Before we can discuss how best to visualize data, it is useful to understand a little about your audience: humans. The first thing to understand is that humans have been visualizing things for a long, long time. Some people seem to think that data visualization started some time in 1800, but things were happening a long time before that.

Beginning the story

At some unknown stage in human evolution, it suddenly became important to tell stories. In many cultures, the easiest way to tell these stories was to create pictures that would enable the storyteller to show the listeners what was being related:

Beginning the story

Bisonte Rupestre en Altamira by Baperukamo—own work

This photograph is licensed under Creative Commons Attribution-Share Alike 3.0 via Wikimedia Commons and is available at http://commons.wikimedia.org/wiki/File:Bisonte_Rupestre_en_Altamira.jpg#mediaviewer/File:Bisonte_Rupestre_en_Altamira.jpg.

As civilizations grew, the aural transfer of information became more important. Later, the written word became the most important method of transmitting messages. However, art was always the most important way of telling stories and sharing ideas.

As numeracy increased and mathematics developed, methods to use images to understand the numbers started to appear.

Analyzing geometry

The first cases of uses of visualizations to represent numbers come in the area of analytical geometry—using some kind of coordinate system to either resolve or create equations.

Grecian influences

The earliest uses can be traced back to before 300 BC in ancient Greece, during the great era of philosophers, at a time when scholastic pursuits were encouraged.

Menaechmus (around 380 BC to 320 BC) was a Greek mathematician and friend of Plato, who is credited with discovering the conic sections: the realization that shapes like the ellipse and parabola were actually cross-sections of a cone.
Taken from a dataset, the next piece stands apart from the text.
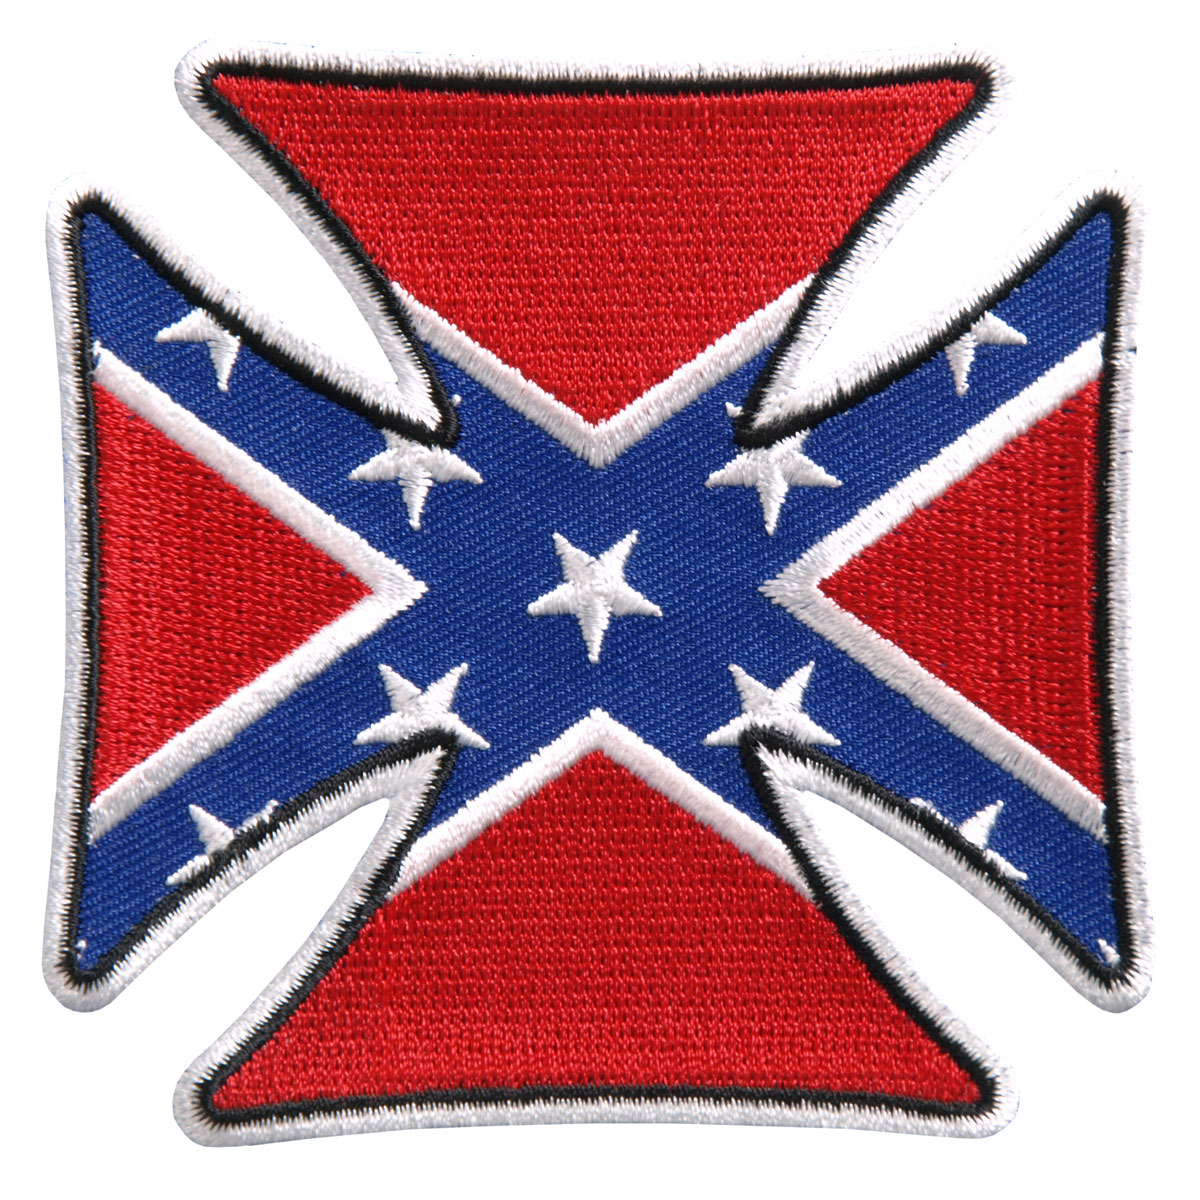 Confederate Flag Decal

His methods of proving his theorems had a strong resemblance to the use of coordinates.

Apollonius of Perga (around 262 BC to 190 BC) developed a method that is very similar to those developed by more modern mathematicians. He can't be fully attributed with the development of analytical geometry, because he was also working on conics and his equations related to curves. He was able to come up with equations of the motions of planets, and his work influenced other important mathematicians such as Ptolemy.
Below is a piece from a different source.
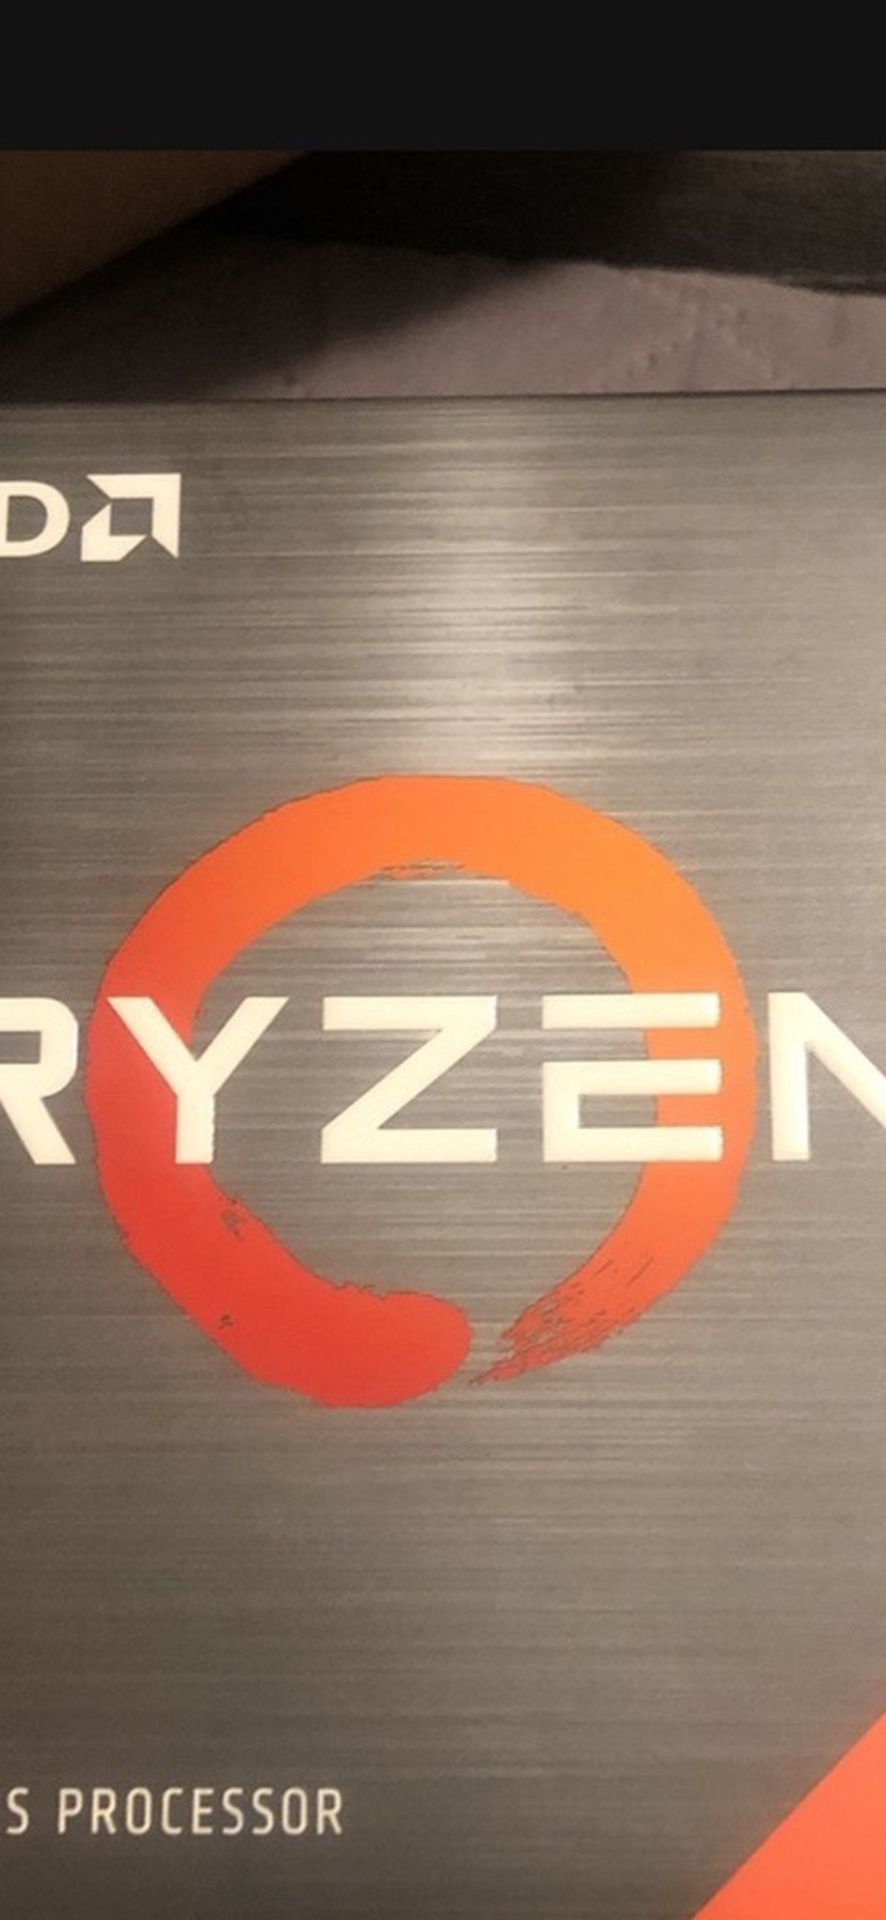 AMD Ryzen™ 5 5600X 6-core/12-thread Desktop Processor

Claudius Ptolemy (around 90 AD to 168 AD) created one of the first, widely replicated data visualizations when he created his Geographia. He collected as much data as he could, transformed it using rules that he established himself, and created his famous world maps.

French discord

One of the most interesting debates in Mathematics is that of who really created analytical geometry. The debate centers on two famous French mathematicians and history appears to have come down in the favor of the publishing date.

René Descartes (1596 to 1650) is the historical winner:

French discord

René Descartes

This photograph is licensed under Public Domain via Wikimedia Commons and is available at http://commons.wikimedia.org/wiki/File:Ren%C3%A9_Descartes.jpg#mediaviewer/File:Ren%C3%A9_Descartes.jpg.
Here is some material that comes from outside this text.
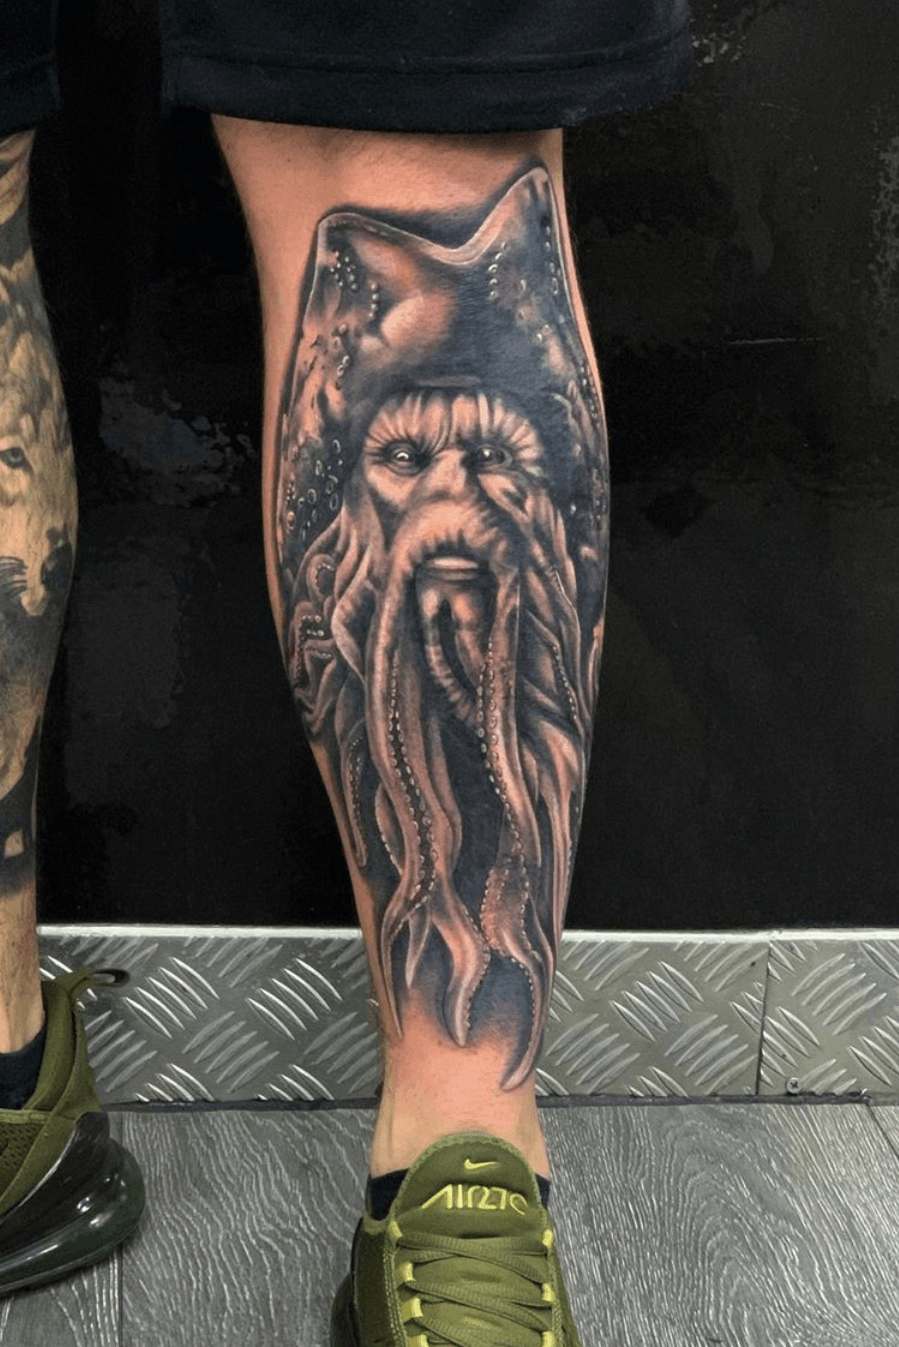 Body Art Tattoo  Pirates of the Caribbean coin cover up Start of a sleeve  by Josh wwwtattooistinkentcom Instagram  joshhobdentattoo  Facebook

Descartes is famous as being both a mathematician and philosopher. He coined the often used phrase, "I think, therefore I am". He has also had the honor of having his name applied to the coordinate system used in analytical geometry: Cartesian coordinates.

Descartes published his essay, La Geometrie, in 1637. Interestingly, although he reduced geometry down to arithmetic and algebra and he introduced the concepts of the coordinate system that now bears his name, there are no equations actually graphed in this work.

Pierre de Fermat (1601 to 1665) appears to be the loser:

French discord

Pierre de Fermat

This photograph is licensed under Public Domain via Wikimedia Commons and is available at http://commons.wikimedia.org/wiki/File:Pierre_de_Fermat.png#mediaviewer/File:Pierre_de_Fermat.png.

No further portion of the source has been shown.